• AIM OF THE EXERCISE:
Look through the listing below for the line with "Tough Times At" and the line with "New 2022 Hyundai Kona 2.0L Preferred AWD". Copy both, along with every line between them, exactly and with no pictures.

• GIVEN RECORDS:
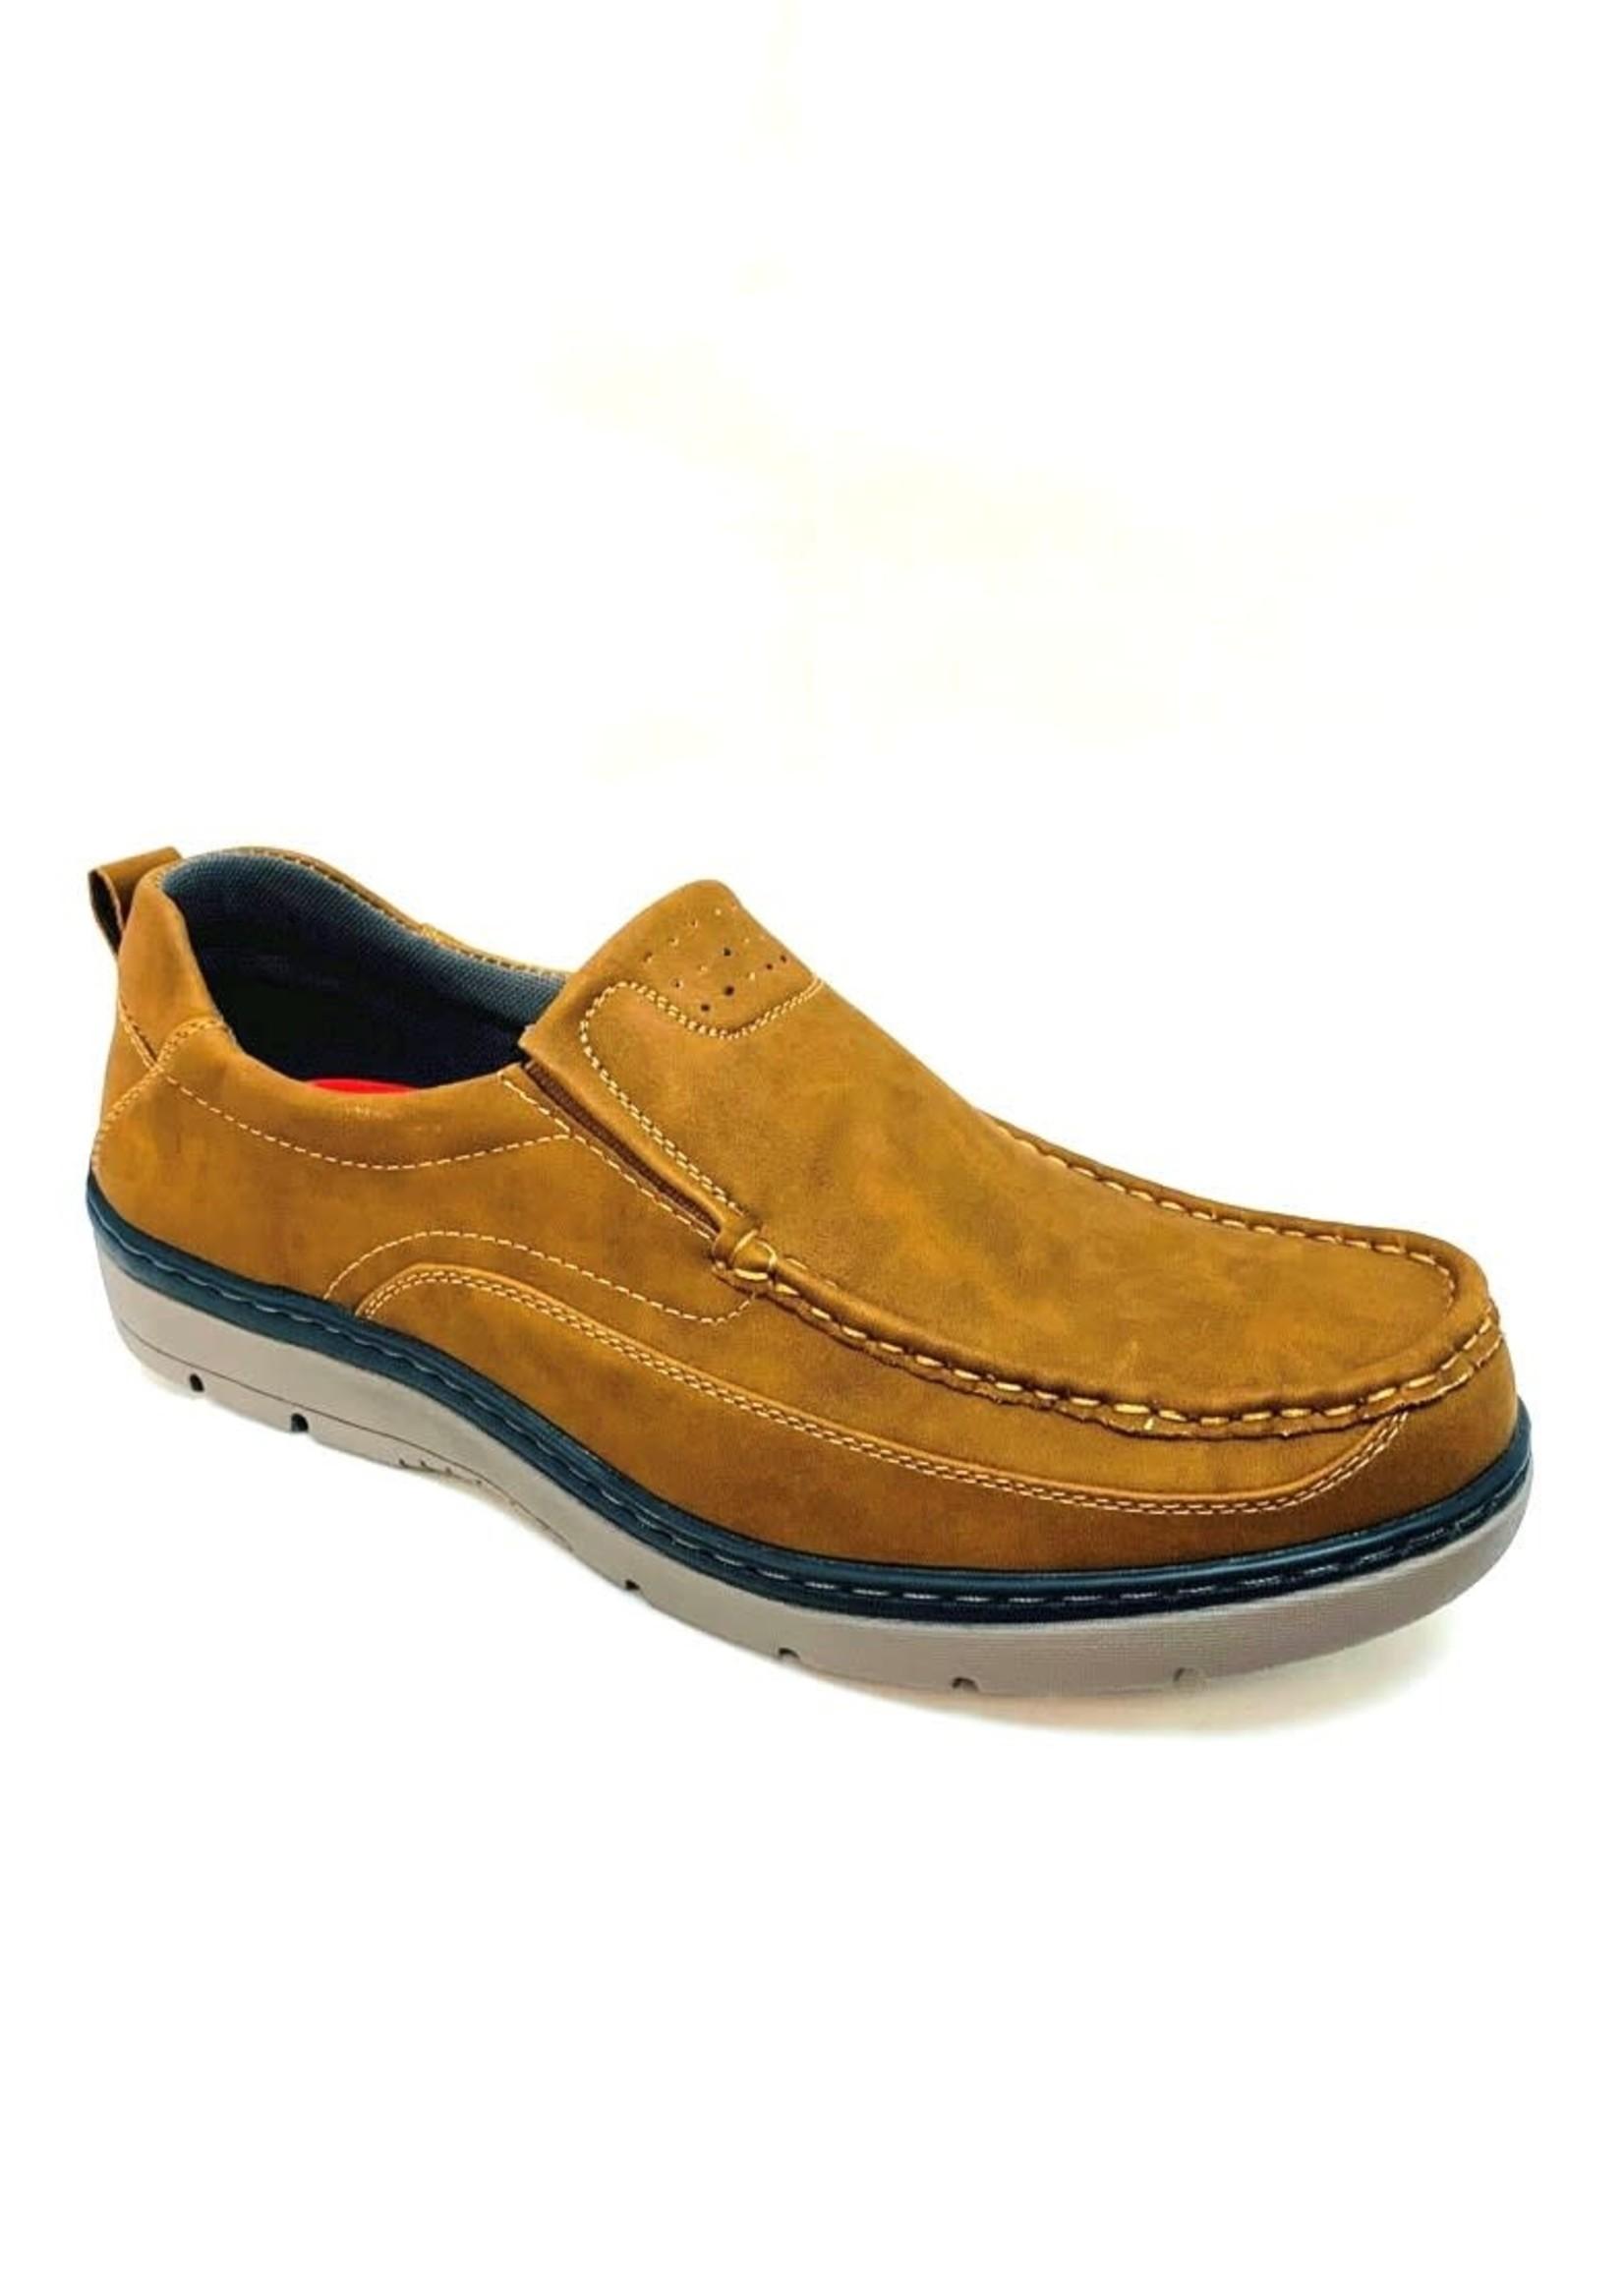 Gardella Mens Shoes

---

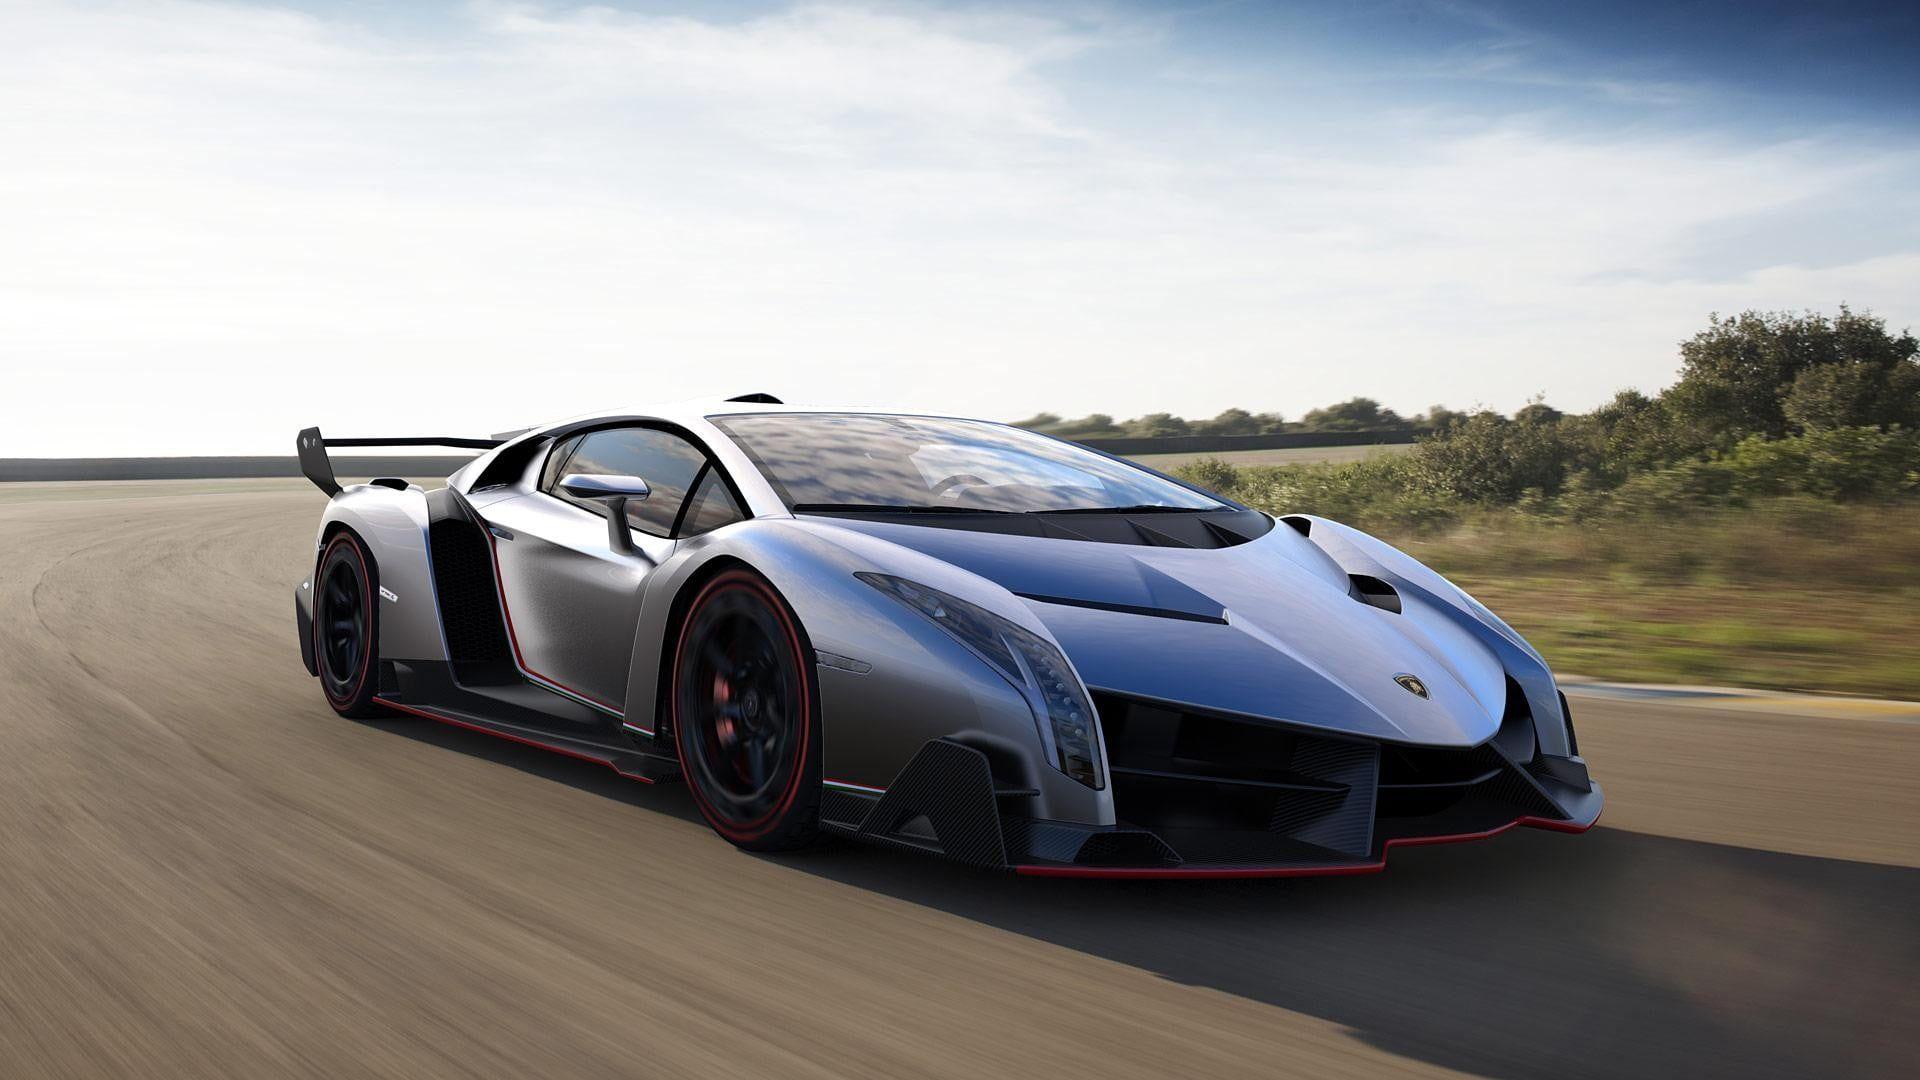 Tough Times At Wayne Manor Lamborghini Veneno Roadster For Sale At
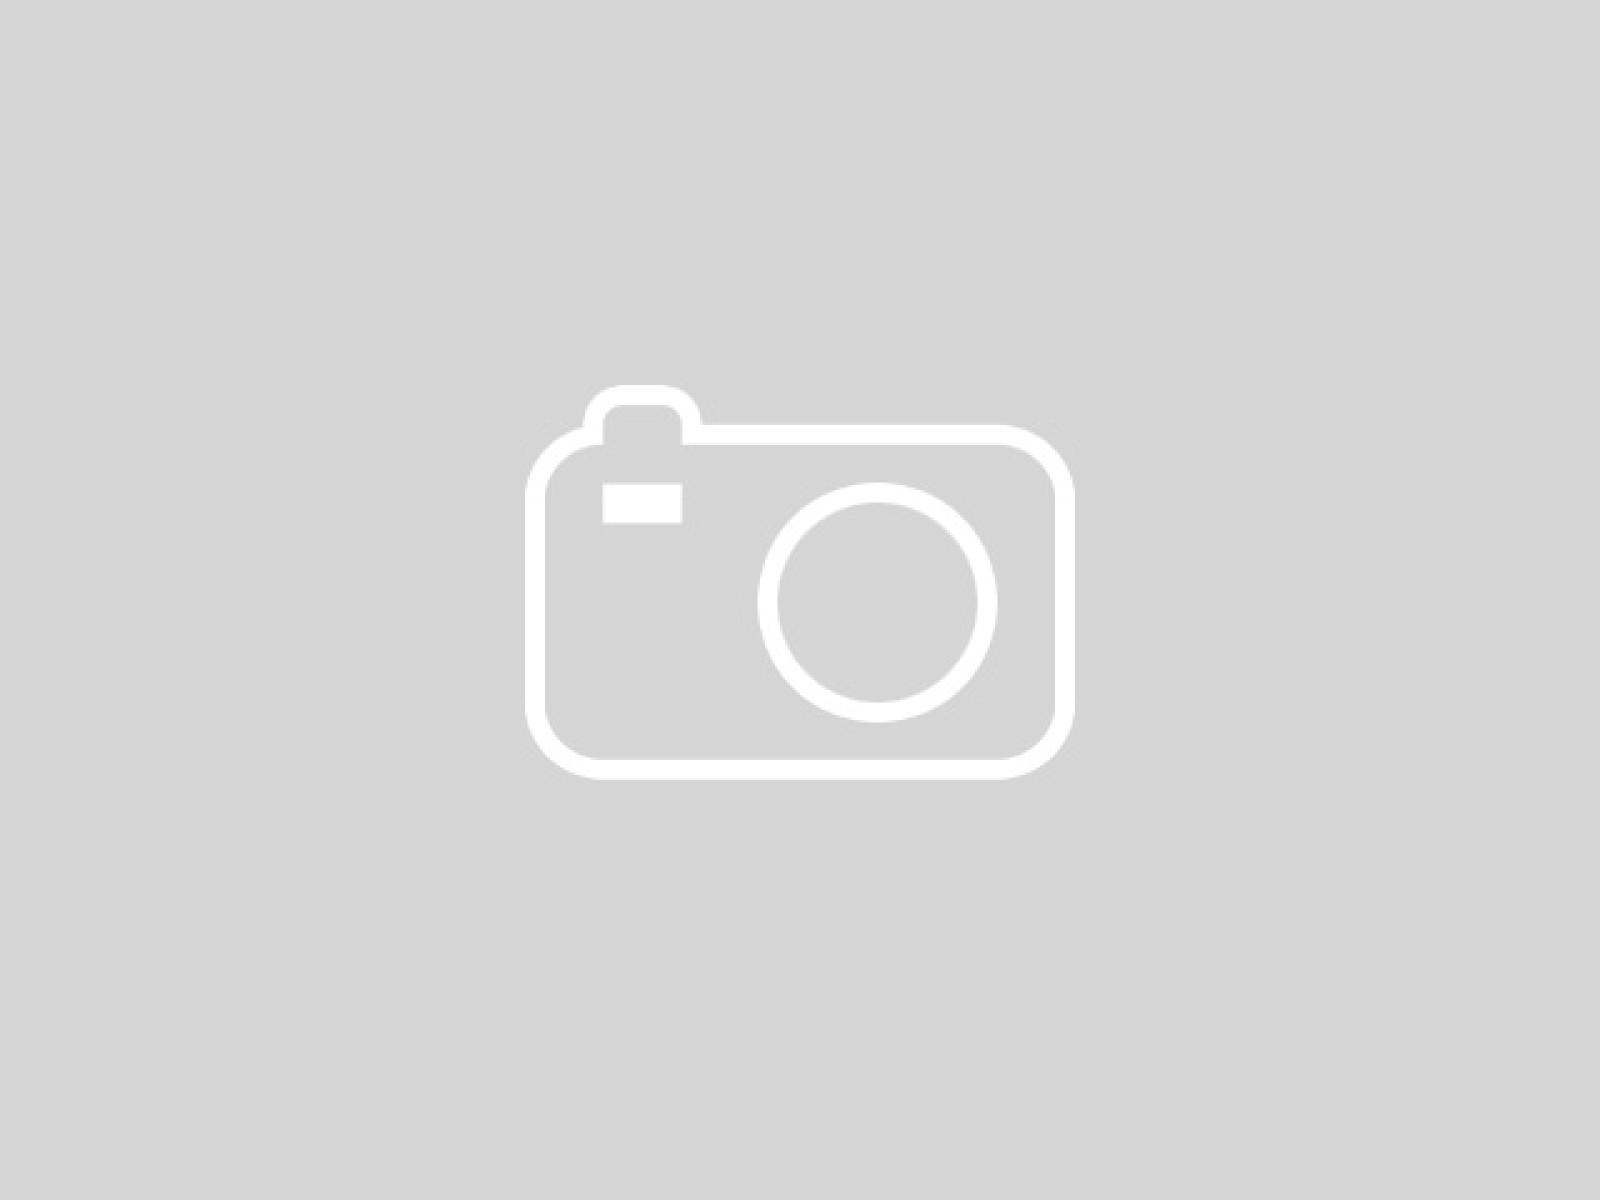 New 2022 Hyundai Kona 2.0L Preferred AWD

• TASK SOLUTION:
 Tough Times At Wayne Manor Lamborghini Veneno Roadster For Sale At
 New 2022 Hyundai Kona 2.0L Preferred AWD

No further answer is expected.